» **DATA**
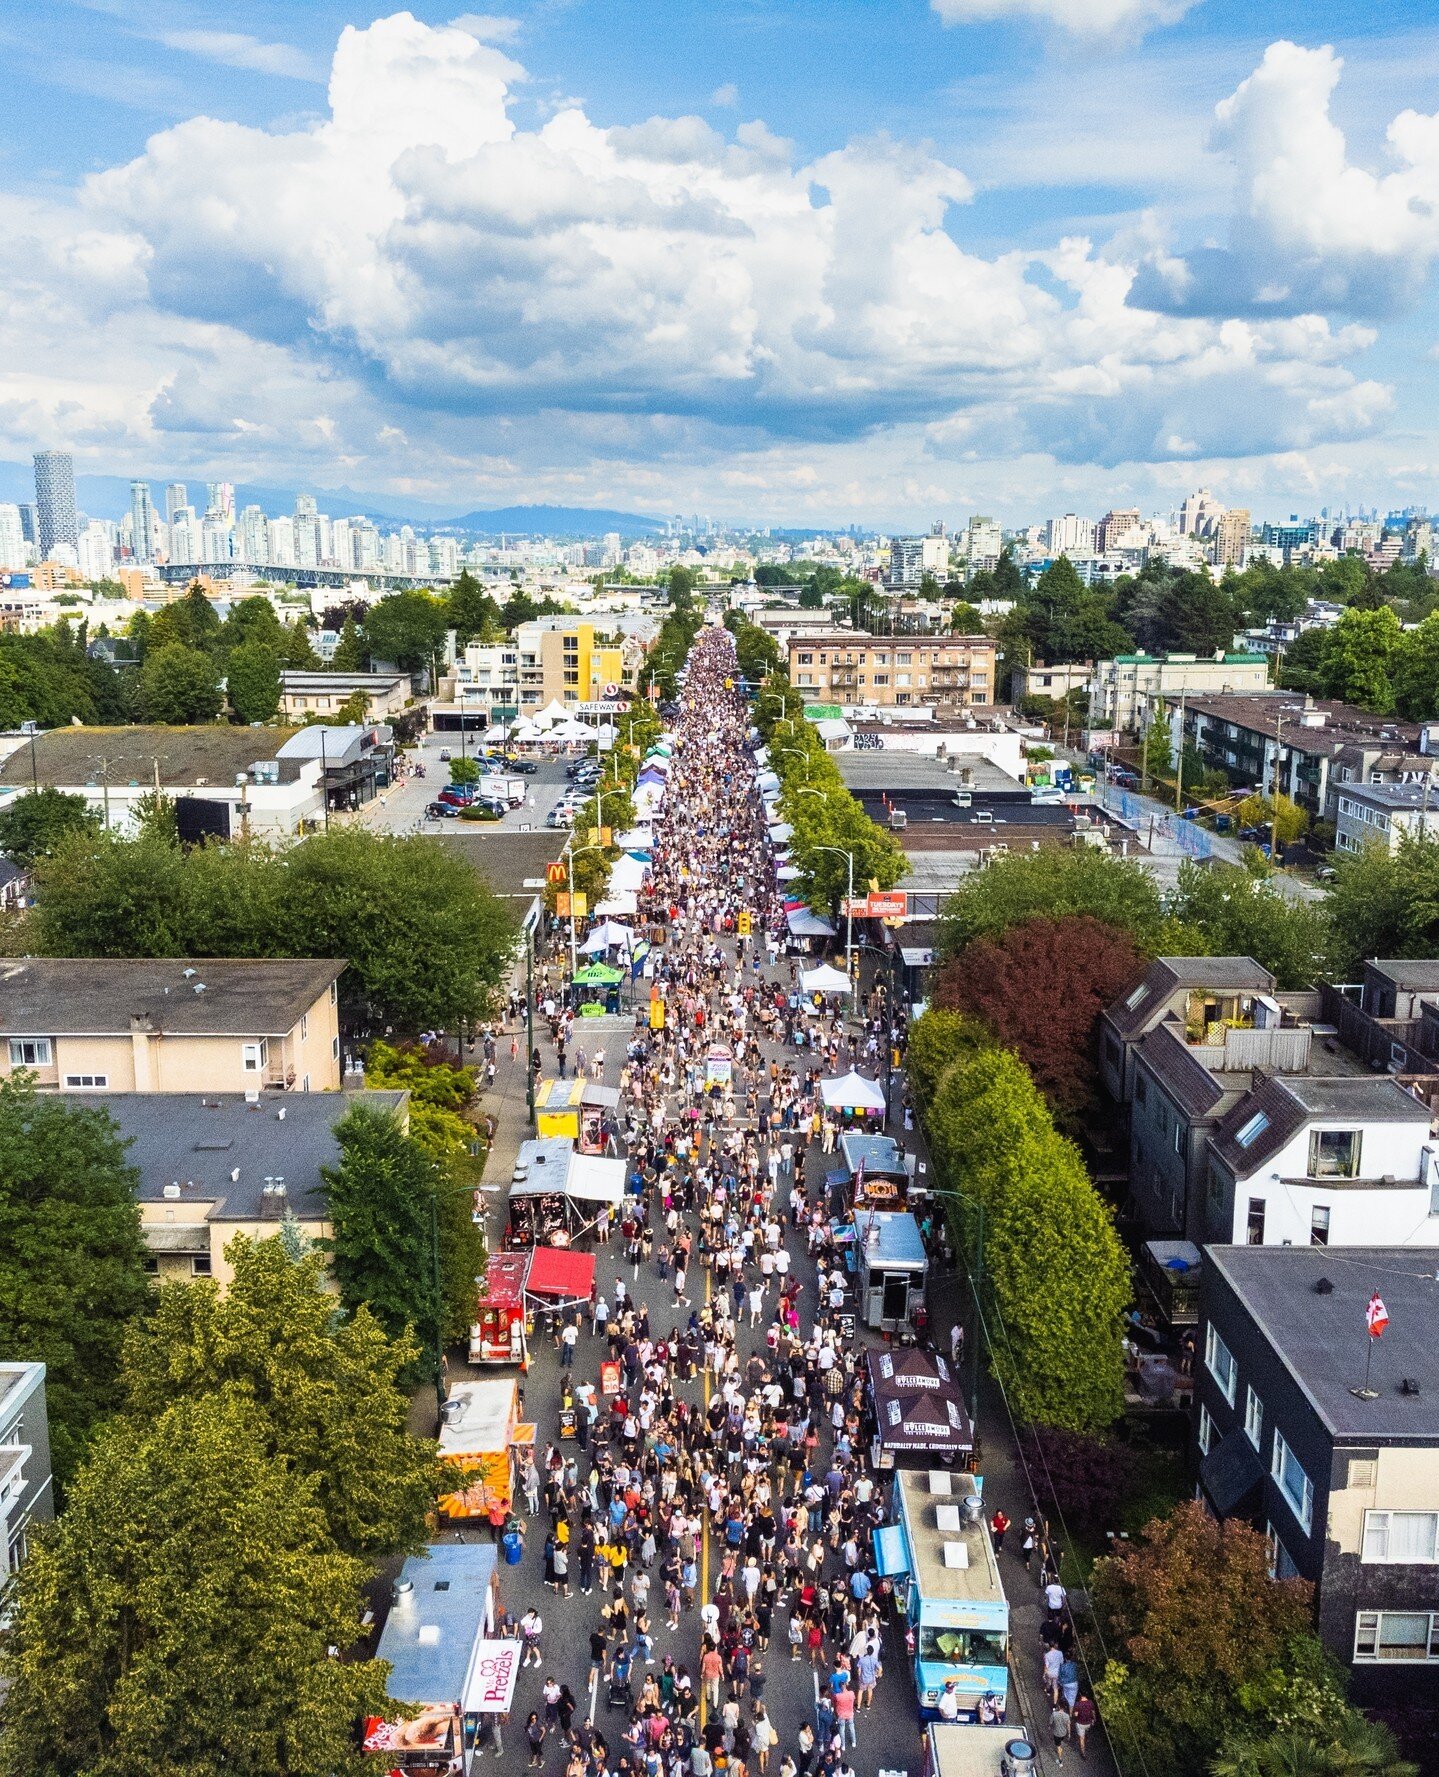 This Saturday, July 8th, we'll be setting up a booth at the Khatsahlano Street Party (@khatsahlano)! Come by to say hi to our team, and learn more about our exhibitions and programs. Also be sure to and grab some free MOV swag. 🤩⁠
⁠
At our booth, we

» **ASSIGNED TASK**
When you set down the material above, keep every word exact and include no pictures.

» **WRITTEN RESPONSE**
 This Saturday, July 8th, we'll be setting up a booth at the Khatsahlano Street Party (@khatsahlano)! Come by to say hi to our team, and learn more about our exhibitions and programs. Also be sure to and grab some free MOV swag. 🤩⁠
⁠
At our booth, we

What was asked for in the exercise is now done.